- [Required action]
Will you output all of the data below exactly, omitting the images?

- [Information supplied]
....................

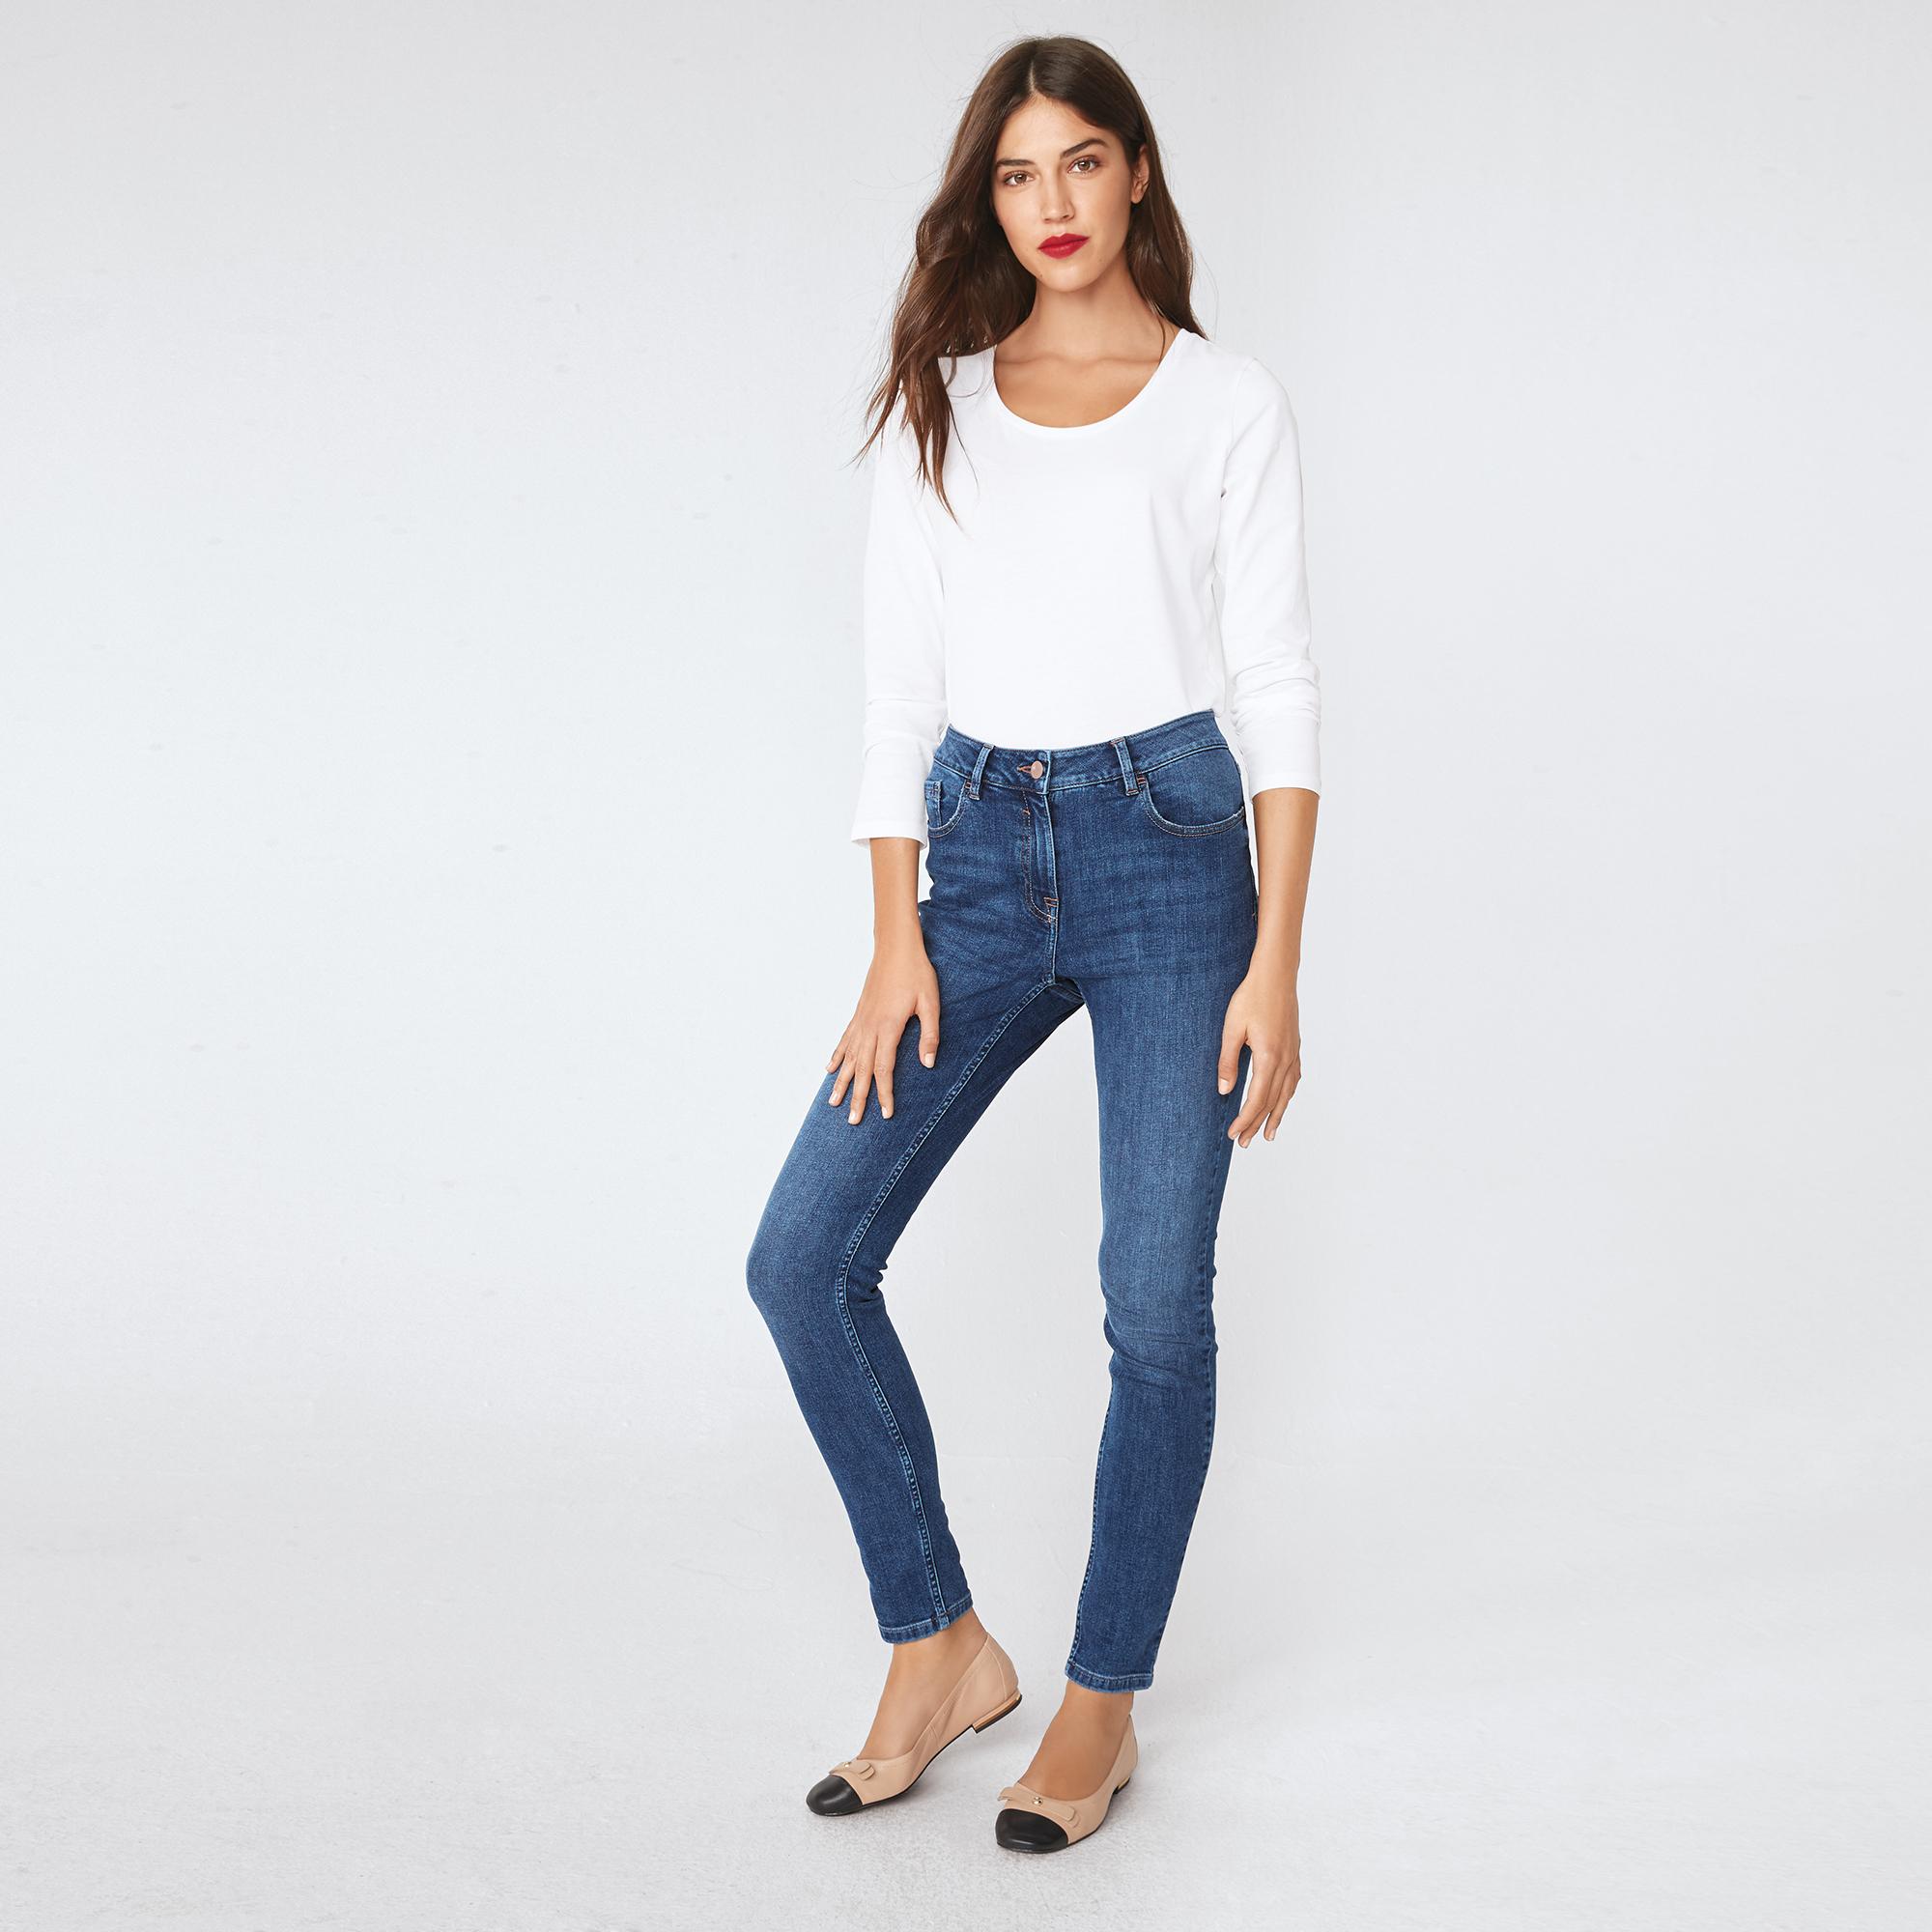 next jeans 1.jpg
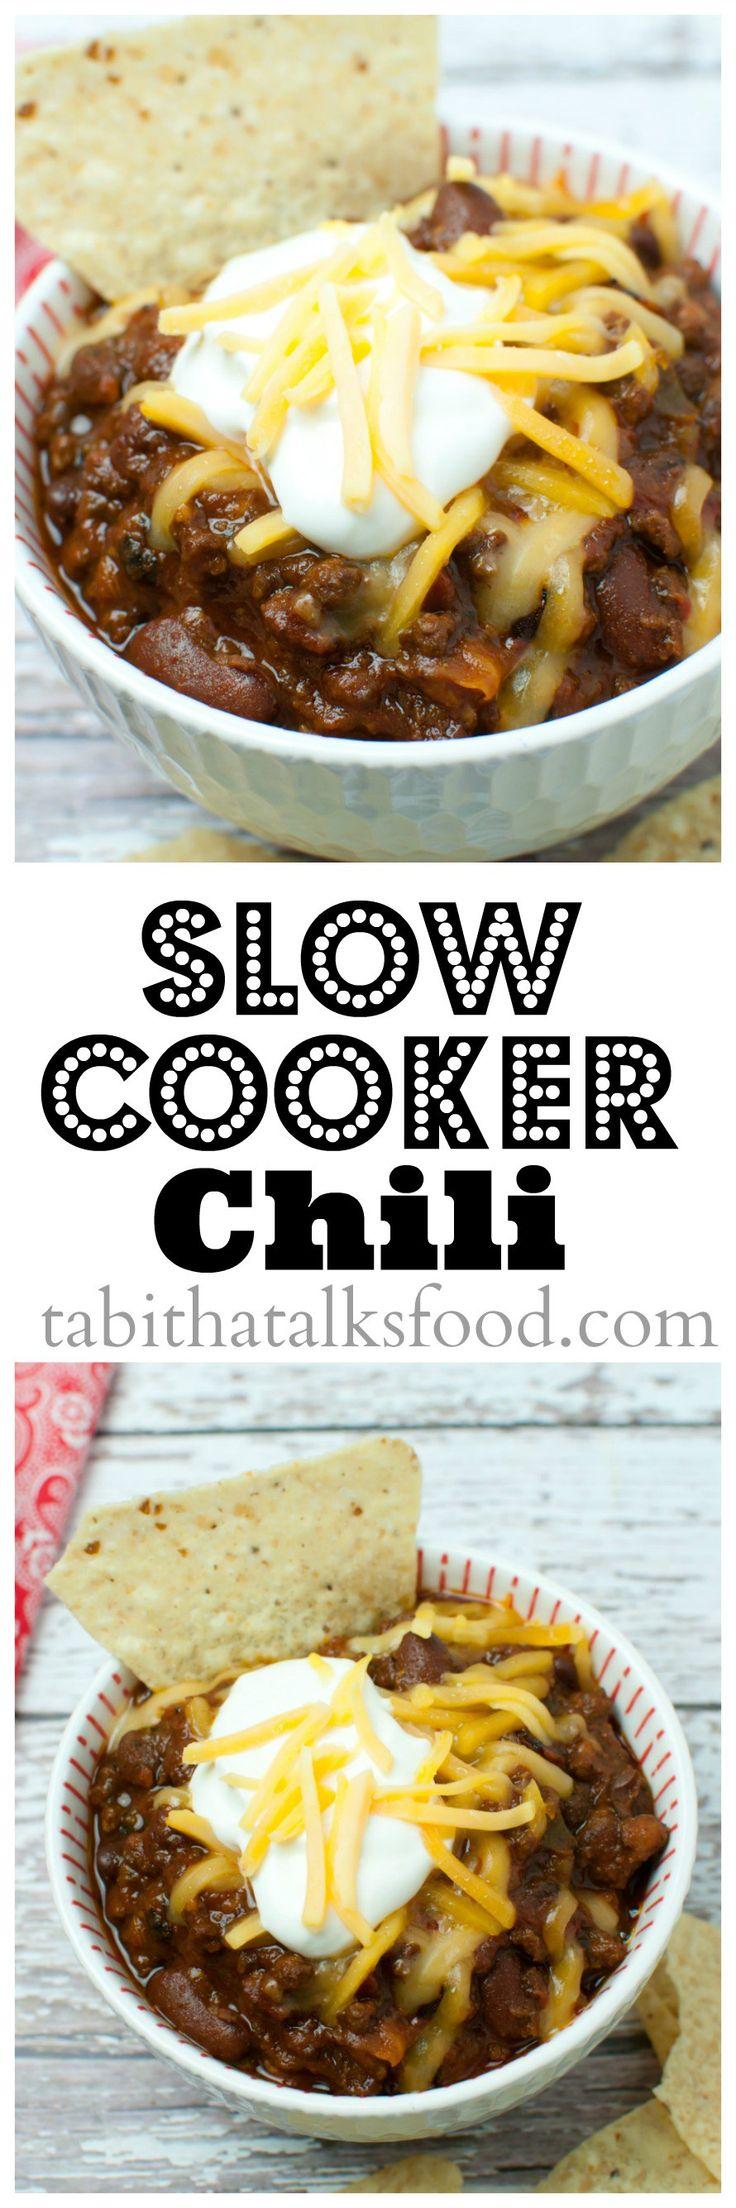 Slow Cooker Chili - Tabitha Talks Food
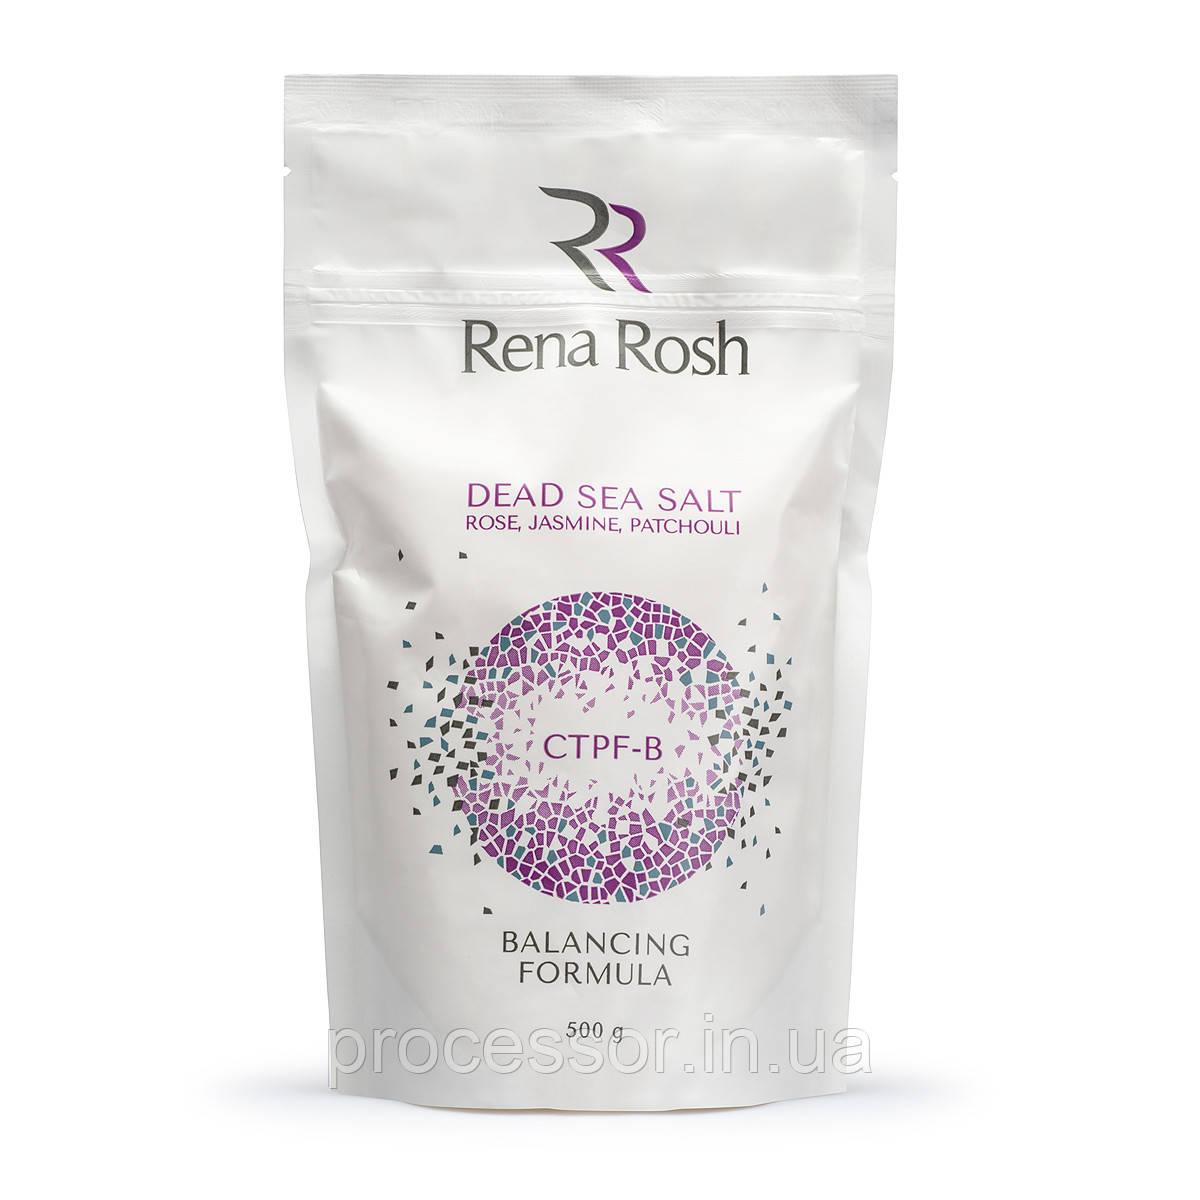 Солі мертвого моря Rena Rosh троянда, жасмин, пачулі, 500Г
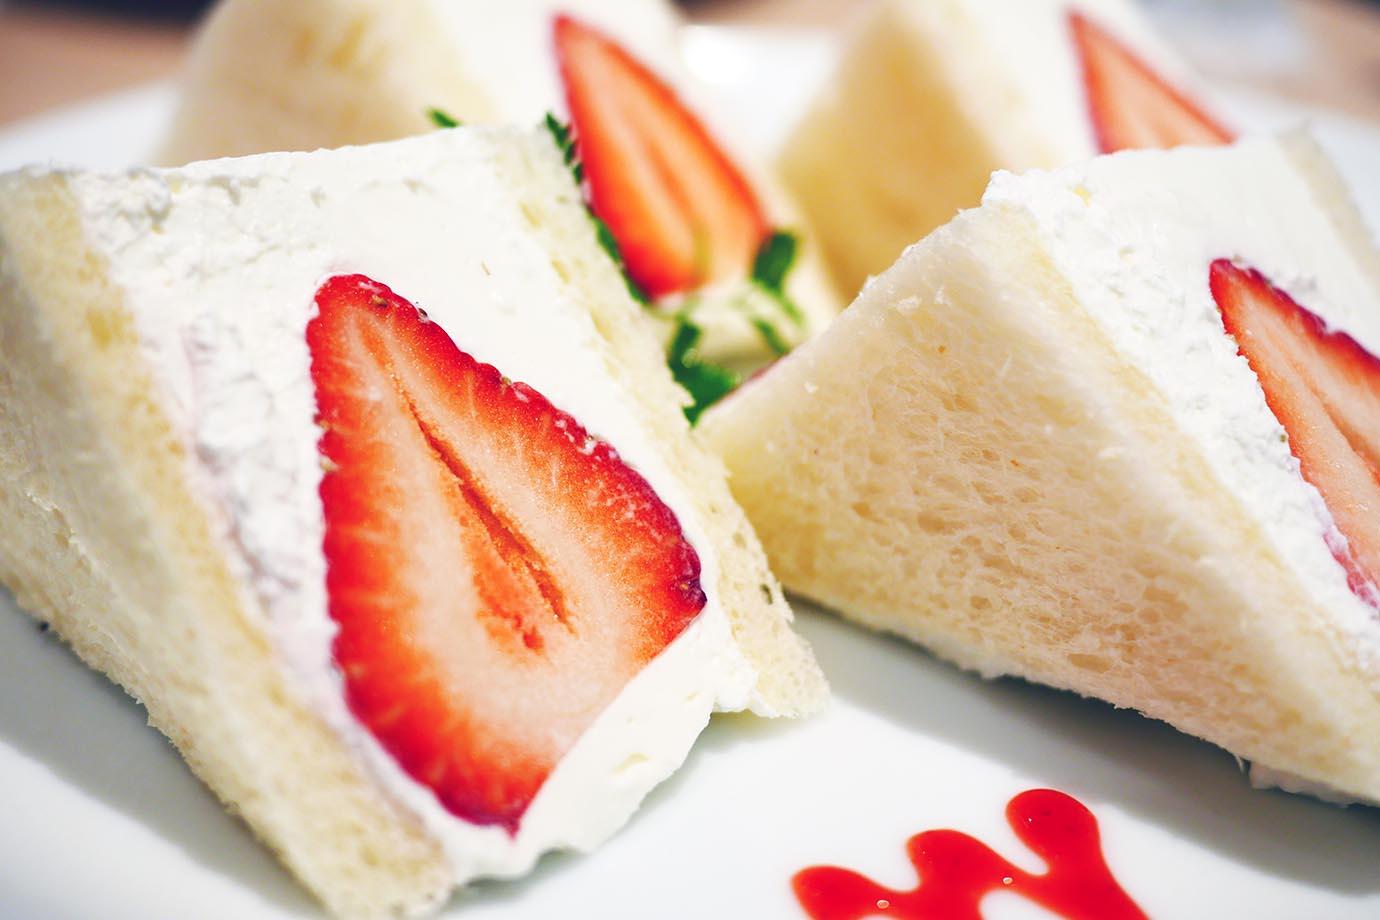 strawberry-sandwich1

....................

- [Exercise response]
 next jeans 1.jpg
 Slow Cooker Chili - Tabitha Talks Food
 Солі мертвого моря Rena Rosh троянда, жасмин, пачулі, 500Г
 strawberry-sandwich1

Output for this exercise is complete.